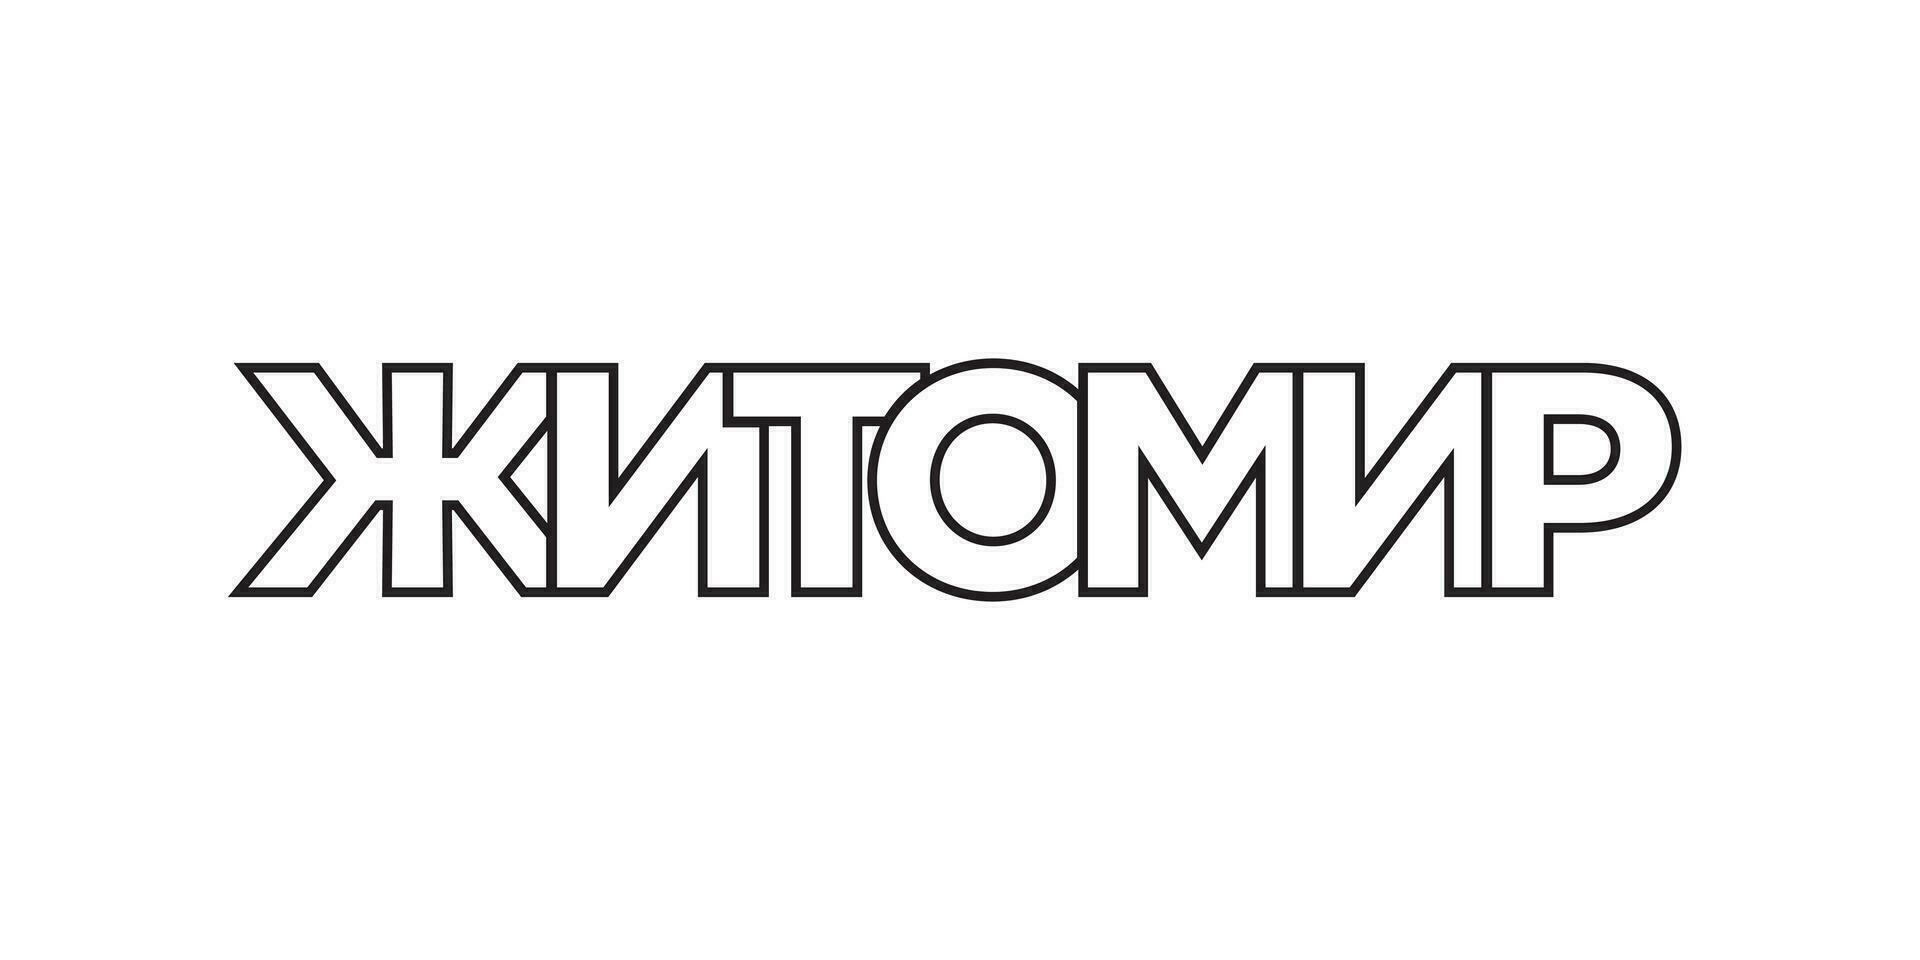 zhytomyr i de ukraina emblem. de design funktioner en geometrisk stil, vektor illustration med djärv typografi i en modern font. de grafisk slogan text.
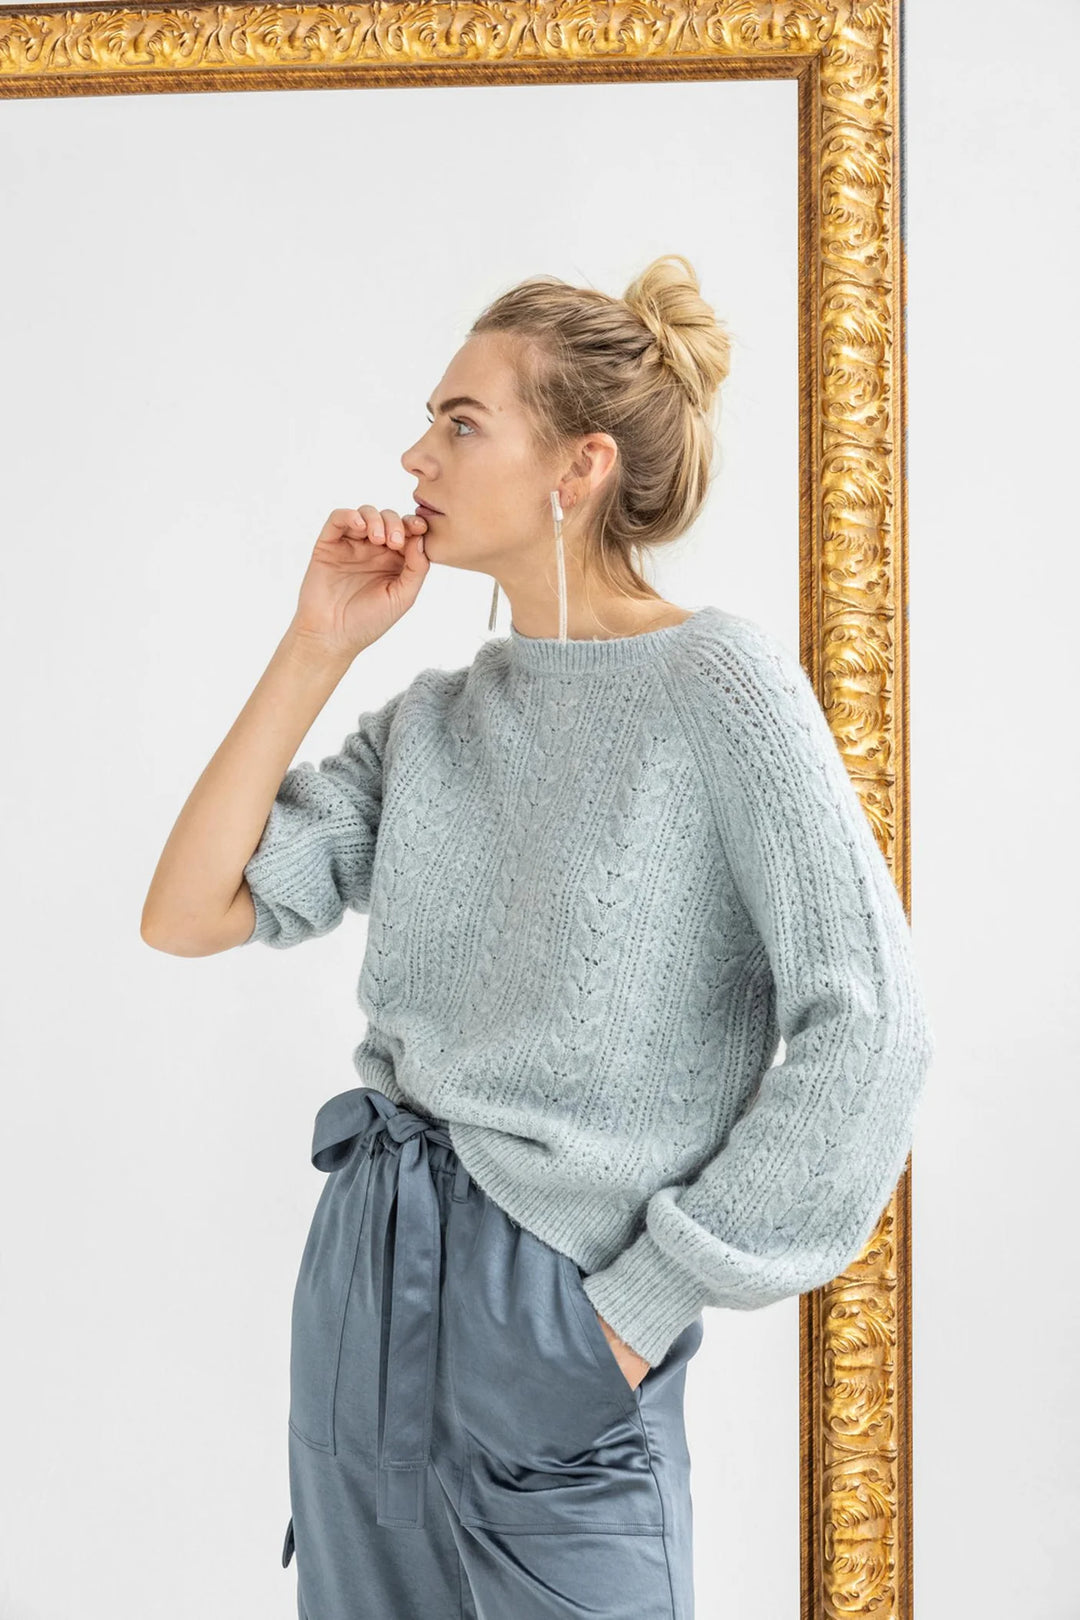 Stitch Pullover Sweater
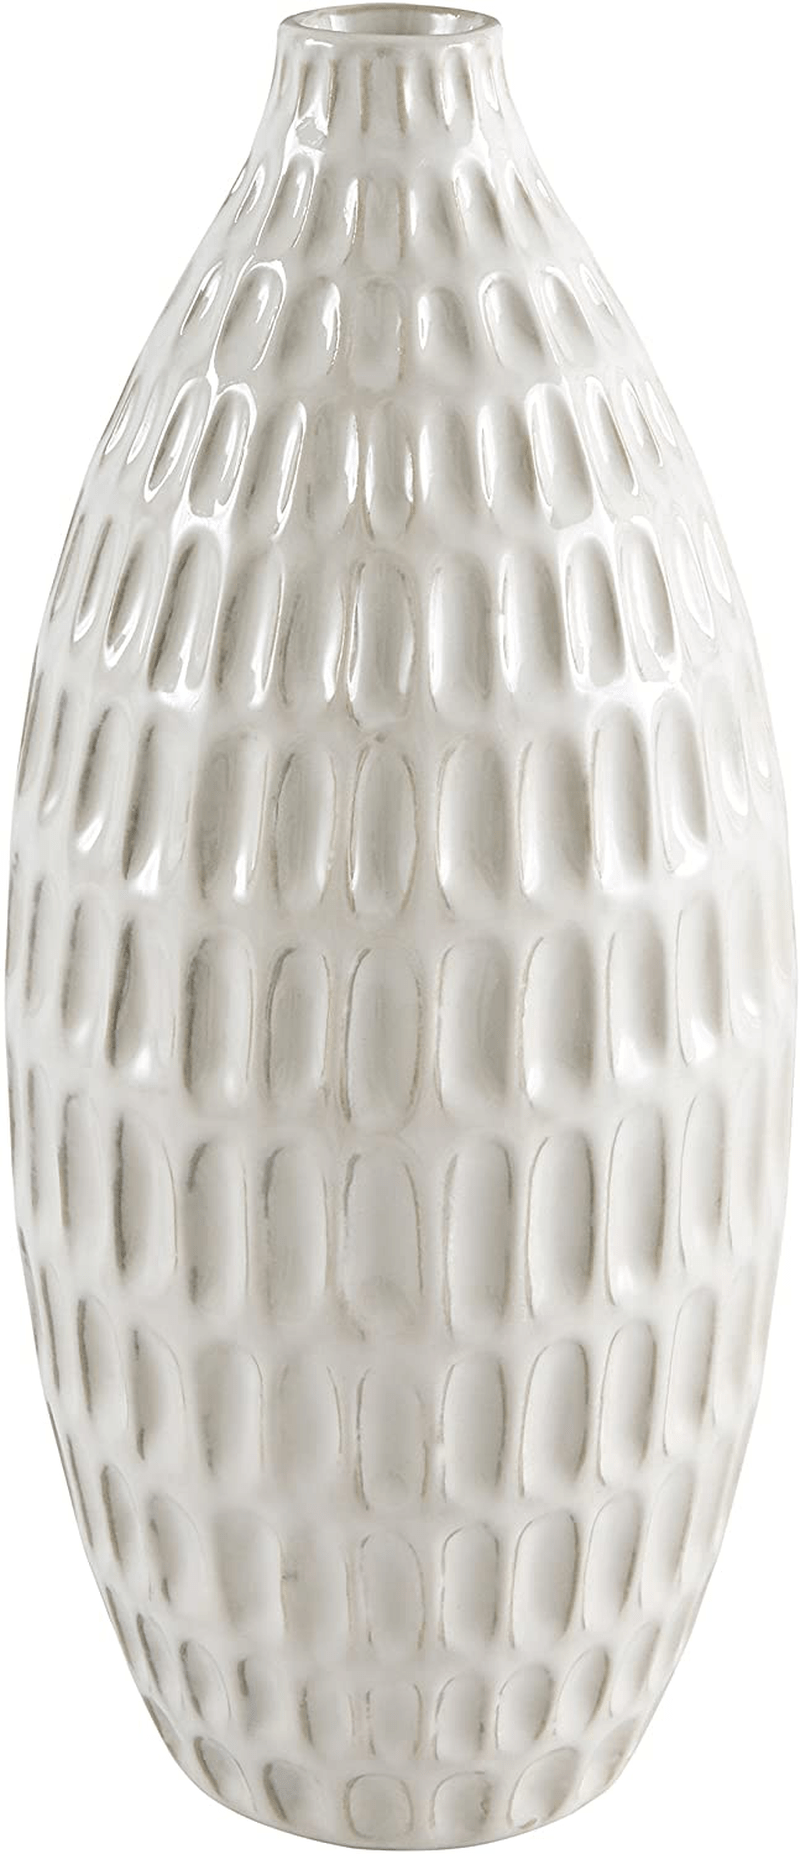 Amazon Brand – Stone & Beam Modern Oval Pattern Decorative Stoneware Vase, 8.75 Inch Height, Off-White Home & Garden > Decor > Vases Stone & Beam Large

═══

◆ WORK TO COMPLETE ◆
Take the preceding listing and transcribe it exactly, skipping the pictures.

◆ WRITTEN SOLUTION ◆
 zhytomyr i de ukraina emblem. de design funktioner en geometrisk stil, vektor illustration med djärv typografi i en modern font. de grafisk slogan text.
 Stitch Pullover Sweater
 Amazon Brand – Stone & Beam Modern Oval Pattern Decorative Stoneware Vase, 8.75 Inch Height, Off-White Home & Garden > Decor > Vases Stone & Beam Large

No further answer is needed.